European and American officials thought there was a deal that would be worked out to provide the needed funding by printing money. There would be concessions to German demands for fiscal purity, but it would accept the need for drastic action.

Here’s the plan that some thought was all but a sure thing:

The central banks would find a way to pump in zillions of euros in liquidity. There would be more government bond purchases by the European Central Bank, but the more important part was to involve the International Monetary Fund. There was talk of a convoluted deal whereby the I.M.F. would get funding from European central banks and then lend money to European countries. The I.M.F. always attaches strings to loans, so this would not be free money for governments that could therefore abandon fiscal restraint, but it would solve the immediate problem.

Then Mario Draghi, the head of the E.C.B., threw cold water on I.M.F. involvement at his news conference today. And he said he had not meant to signal more bond purchases by the E.C.B. when he spoke to the European Parliament last week.

As he talked, stock and government bond markets went into reverse. The euro lost ground against the dollar.

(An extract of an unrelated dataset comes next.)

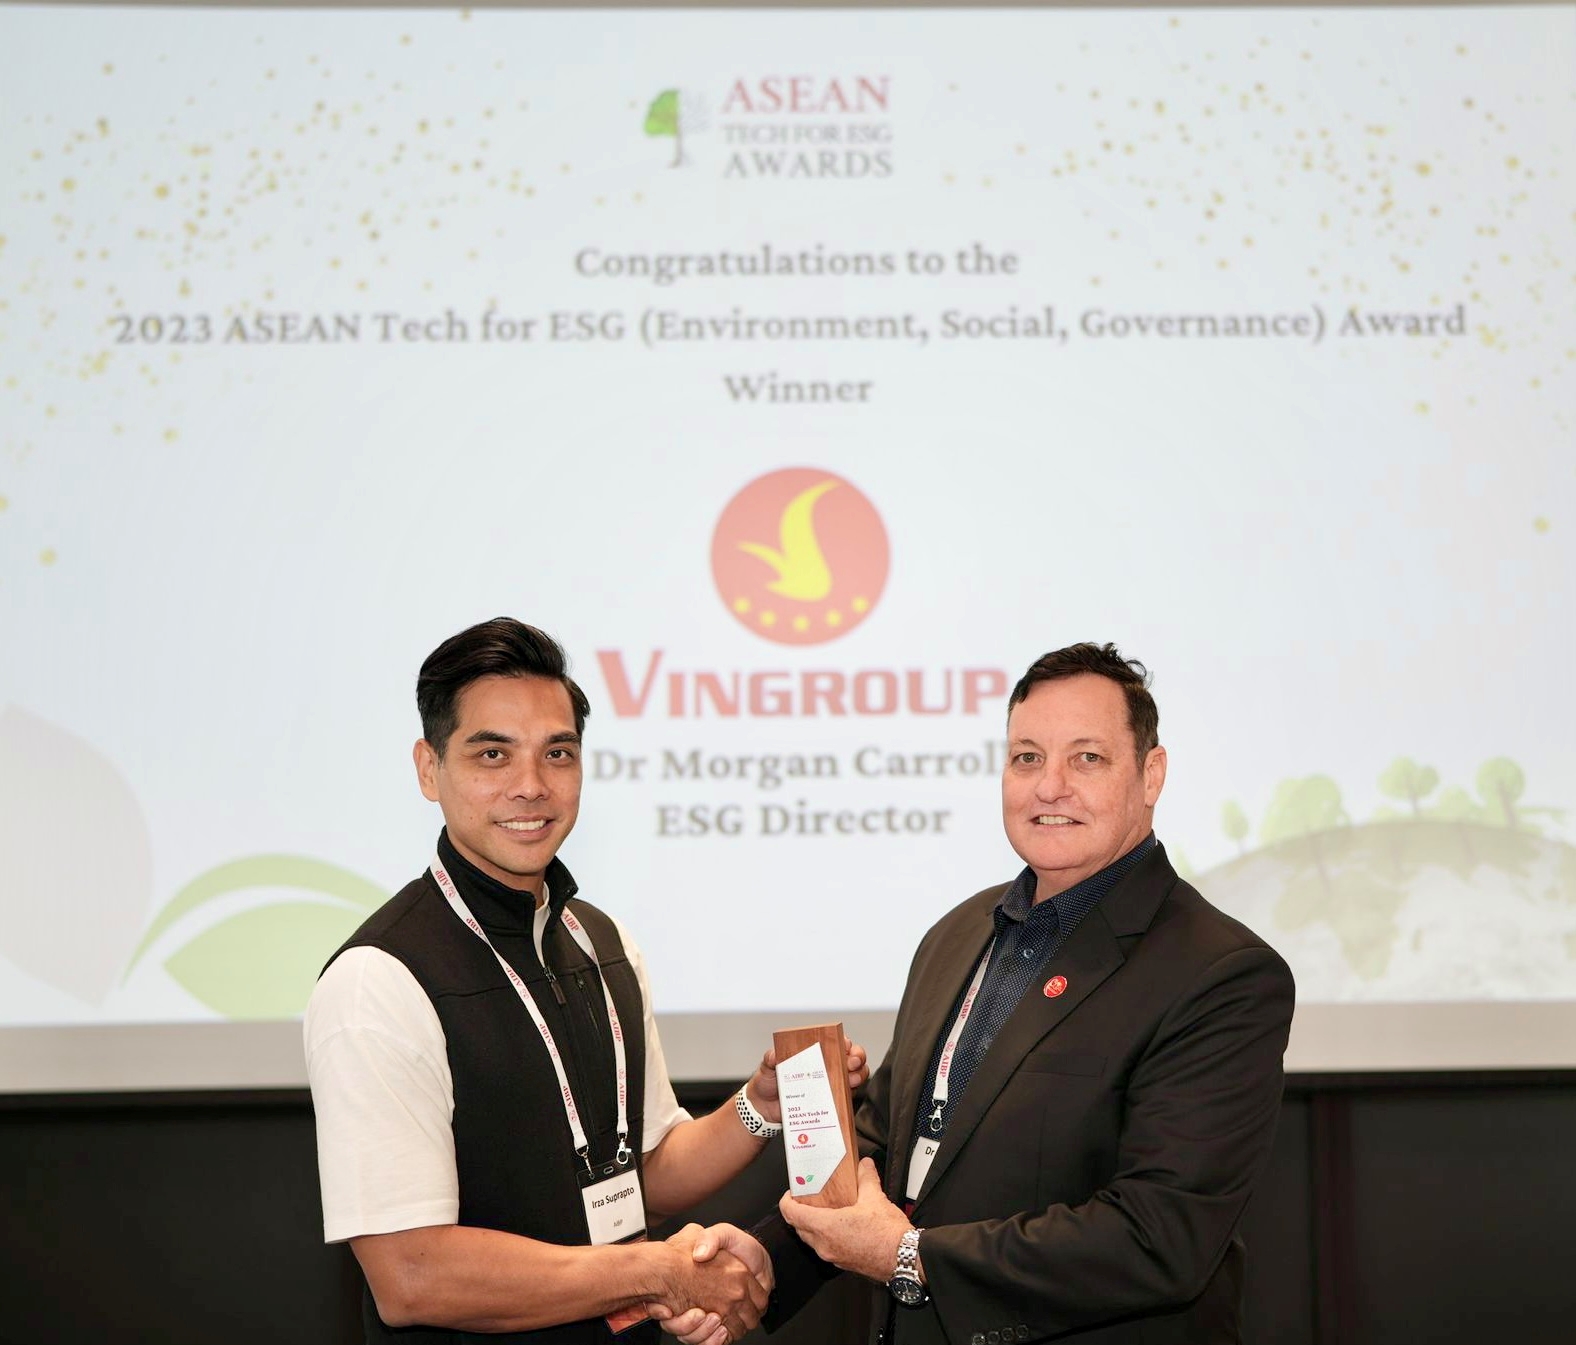 Tiến sĩ Morgan Carroll (bên phải) đại diện Vingroup nhận giải thưởng công nghệ bền vững ASEAN 2023 tại lễ trao giải ở Singapore.

On Wednesday, 10-year Italian bonds traded to yield about 6 percent. A day later the figure is 6.5 percent. Spanish yields went from 5.4 percent to 5.8 percent.

Those yields are not back to the highs before Mr. Draghi started the positive talk, but they are heading in that direction.

In an editorial today, The Financial Times wrote:

Time and time again over the past 18 months, European leaders have pledged to do “whatever it takes” to preserve the single currency. Just as often their subsequent actions, or lack of them, have belied these fine words.

The failure to fill in the gap between rhetoric and reality has taken the eurozone, and the world, to a perilous place. Fear about the ability of states to service their debts has become self-reinforcing. Absent a radical shift in market psychology, the very core of the eurozone is at risk. The break-up of the single currency, once dismissed as unthinkable, is now openly spoken of as a possibility.

It looks like this week’s summit meeting is going to produce more of the same.